About a week ago I received an ignominious box of priority mail at the post office from one of my brothers. I was instantly reminded of an anonymous crate I received twenty years ago containing what I thought to be all the physical evidence of my existence in a family that had me believe I was an unwanted afterthought. What a surprise on Mother’s day Eve twenty years later to be recipient of compelling new fifty—year-old evidence that what I had come to believe all these years was no less destructive than what an industrialist’s daughter believed; I could only be included in family if I was willing to give up my own dreams and go along with the script laid out for me. I instantly realized the destruction of one’s dreams happens just as easily in lower economic castes as it does in the stratosphere of great wealth, it has nothing to do with finance.

I gave more than fourty years attempting to follow the script, only to find this was never good enough. My industrialist refugee from the other side of the world, from another economic realm, and the other end of the educational spectrum also found following the script was not good enough. We both found ourselves crushed, clueless as to whom we really are.

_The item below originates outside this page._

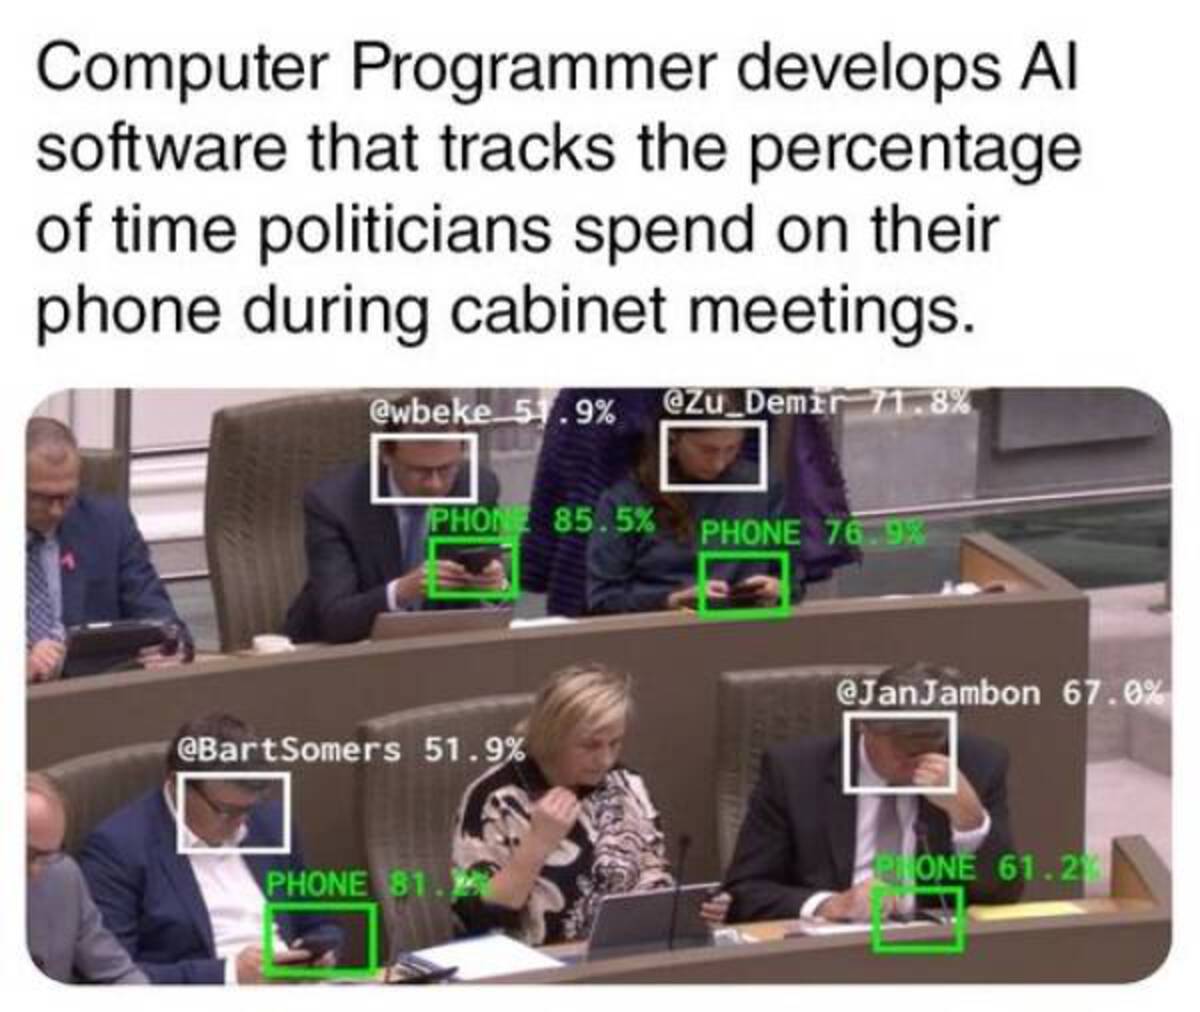 presentation - Computer Programmer develops Al software that tracks the percentage of time politicians spend on their phone during cabinet meetings. 5.9% 71.8% Phone 85.5% Phone 76.9% 51.9% Phone 81. 67.0% Phone 61.2%

In opening that box, fifty years of frozen memories sublimated and I was reminded my status as a familial refugee was very real fifty years ago and remains so into the present era. I was reading in 10 pt blue courier font on laid linen paper, my mother’s beliefs that I have a fundamental inability to manage life, that I am inferior to my siblings’ abilities to manage their affairs.

During those fifty years I spent a whole lot of hours in the offices of psychiatrists, psychologists, social workers, and clergy; attempting to embrace the possibility I might have some justification for remaining on this world; that I did not have to follow someone else’s script. For some years now I have actually come to believe I might have written new beliefs; that I did not have to justify my place in society. Alas, in the space of minutes I was to find my work is yet incomplete. The dull ache seeping in around the edges of my soul while reading that 10 point courier font told me I am still a work in progress.

It then occurred to me I’m no longer required to honor those ancient messages of incompetence and inferiority; I stopped reading. Most of those letters written to me during my first years in one of our great universities remain unread this Mother’s Day. I went to the church. Next to the buckets of carnations I knelt down and lit a votive candle for Mother and offered a short prayer for her soul.

I then took those fine linen papers with their 10 pt blue courier font to the recycling dump. While placing them in the “Mixed Papers” bin, I called my industrial refugee and together we decided it was time to let go of ancient messages we are no longer required to believe. I came to believe “Acceptance is the answer to all my problems today. When I am disturbed, it is because I find some person, place, thing or situation - some fact of my life - unacceptable to me, and I can find no serenity until I accept that person, place, thing or situation as being exactly the way it is at this moment. Nothing, absolutely nothing happens in God’s world by mistake.”

I left the dump and went and enjoyed a fine Mother’s Day dinner at a table where I can believe what I want.